Finally, be strong in the Lord and in the strength of his might. Put on the whole armor of God, that you may be able to stand against the schemes of the devil. For we do not wrestle against flesh and blood, but against the rulers, against the authorities, against the cosmic powers over this present darkness, against the spiritual forces of evil in the heavenly places. Therefore take up the whole armor of God, that you may be able to withstand in the evil day, and having done all, to stand firm. Stand therefore, having fastened on the belt of truth, and having put on the breastplate of righteousness, and, as shoes for your feet, having put on the readiness given by the gospel of peace. In all circumstances take up the shield of faith, with which you can extinguish all the flaming darts of the evil one; and take the helmet of salvation, and the sword of the Spirit, which is the word of God . . .

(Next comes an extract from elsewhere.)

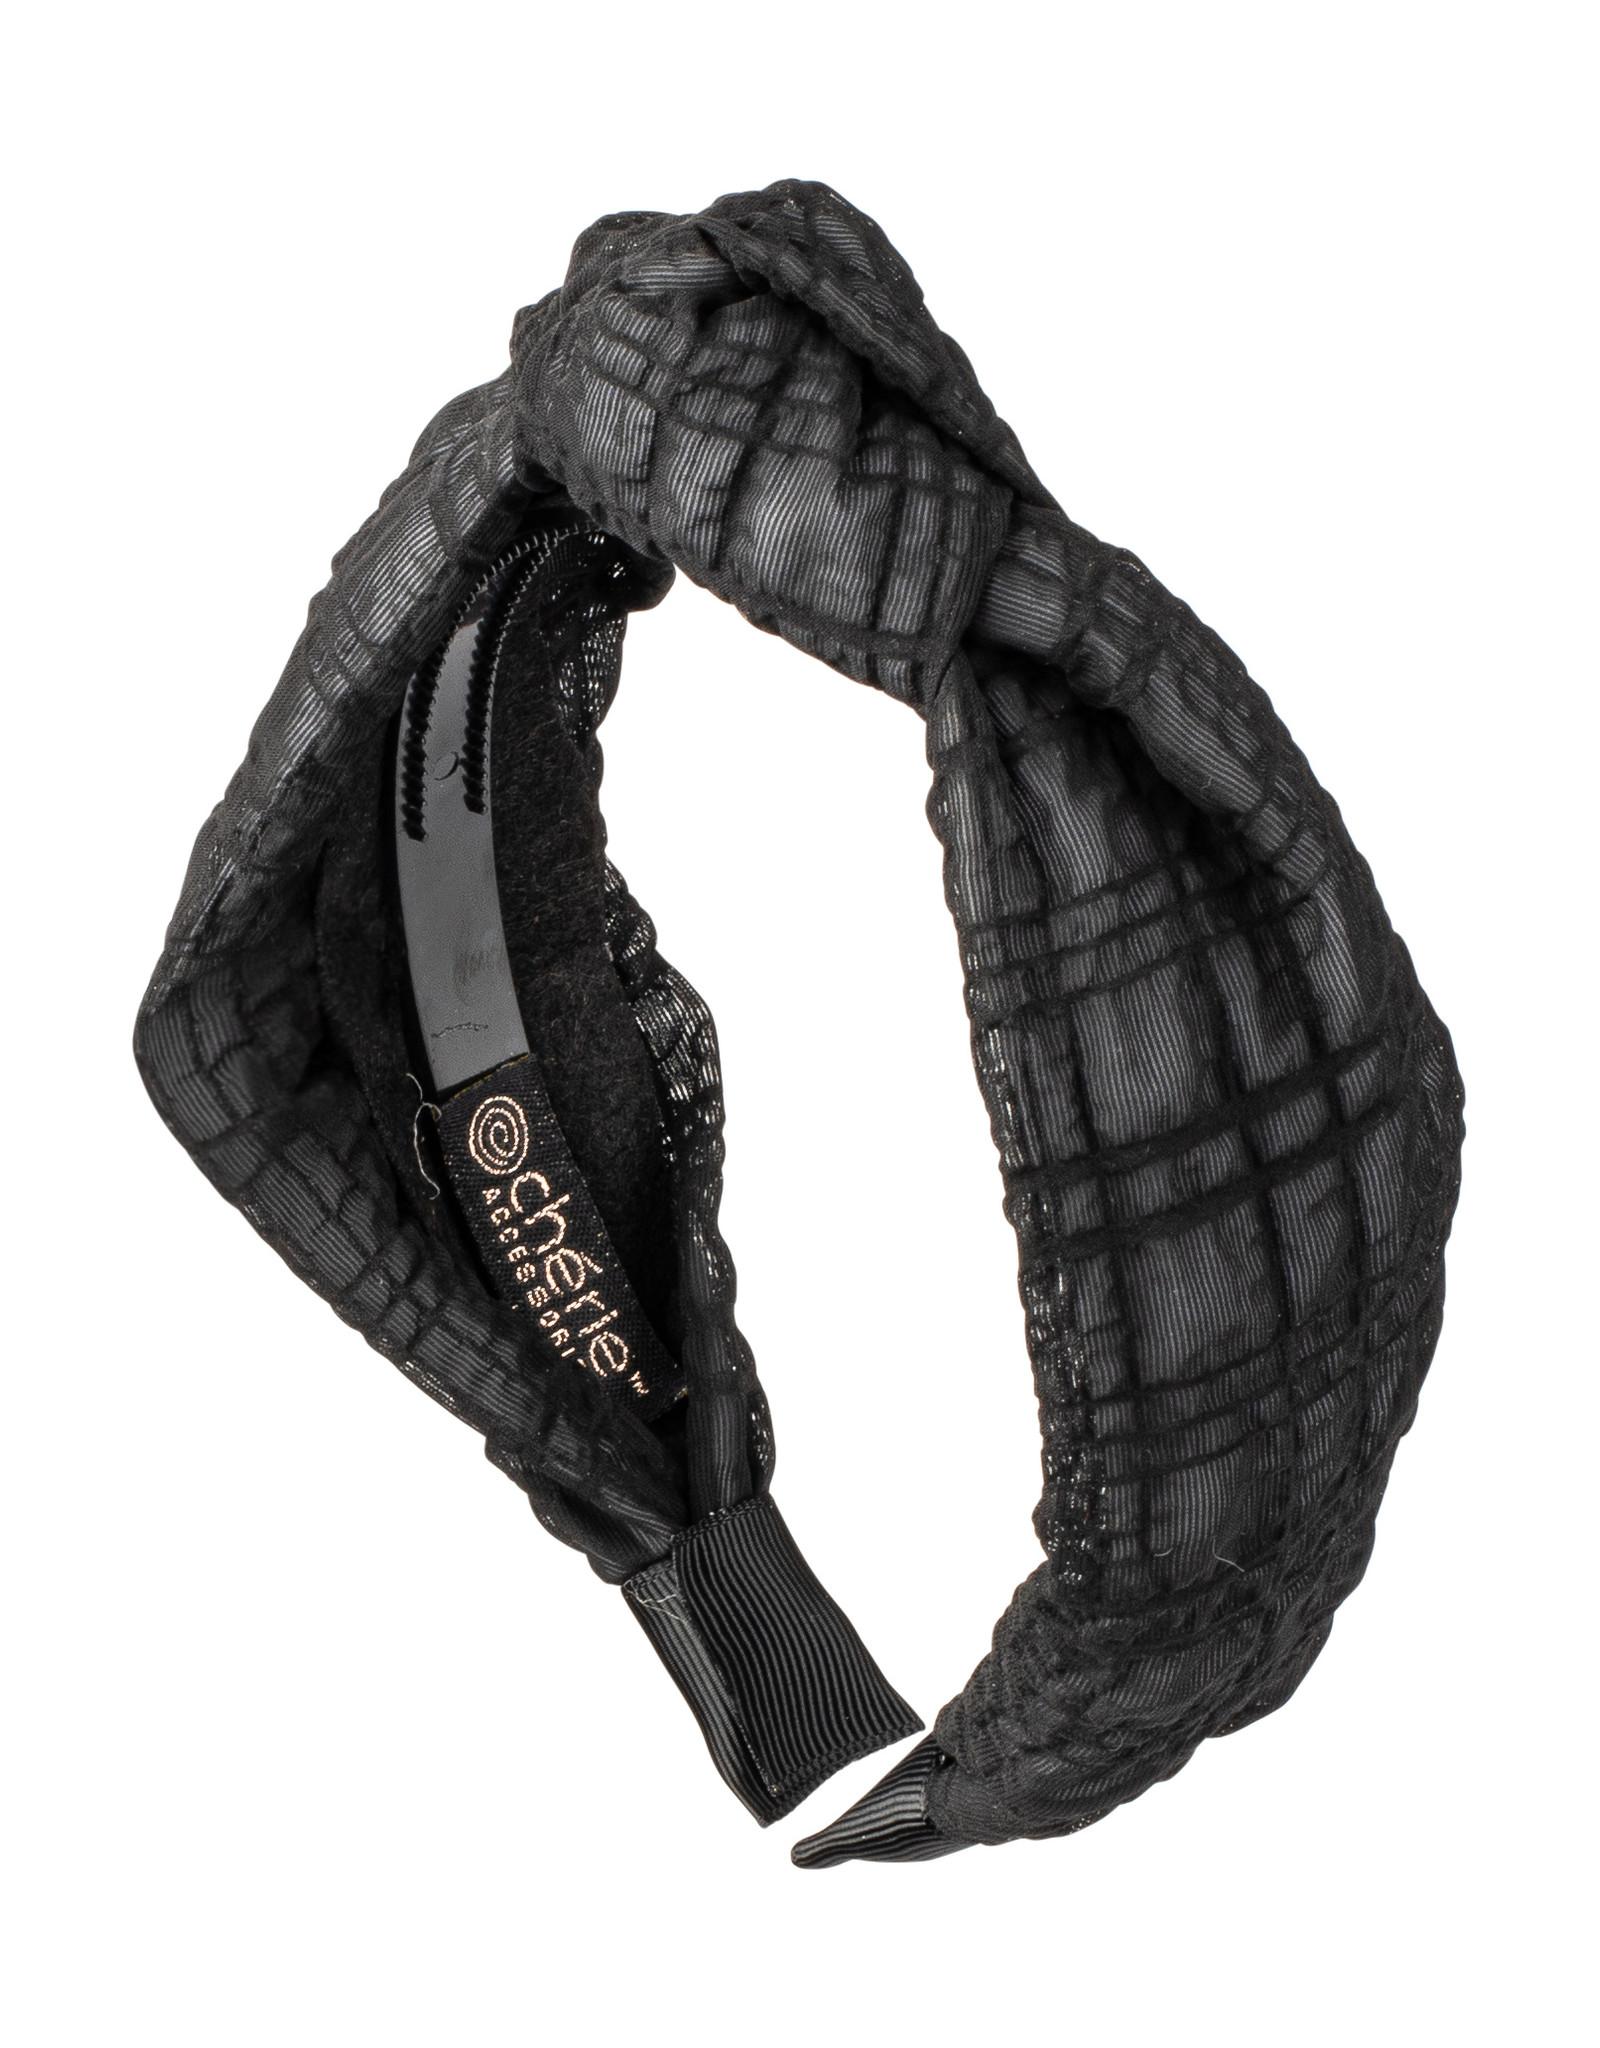 Cherie Cherie Crinkle Knot Headband

SONG: “Siyahamba” (We Are Marching) | South African folk song | Arrangement by Walt Whitman performed by the Soul Children of Chicago, July 21, 2008, as the finale of “Hope in Action,” a celebration of Nelson Mandela’s ninetieth birthday | For a congregational hymn arrangement, see African American Heritage Hymnal #164
This exultant hymn, which likely originated during South Africa’s apartheid era, consists of permutations of the Zulu phrase Siyahamb’ ekukhanyen’ kwen khos’ (“We are marching in the light of God”), with subsequent verses substituting alternate verbs like “dancing,” “singing,” and “praying.” In 2008 Walt Whitman arranged the song for Soul Children of Chicago, a choir he formed as a means of “encouraging our youth and providing hope and inspiration in a world filled with challenges and despair.” His version is a lot of fun, albeit busier than others, with a more densely textured, orchestral sound. For a more straightforward rendition with clear vocals and simple percussion, check out the University of Notre Dame Folk Choir’s Crossroads of Praise album from 1999.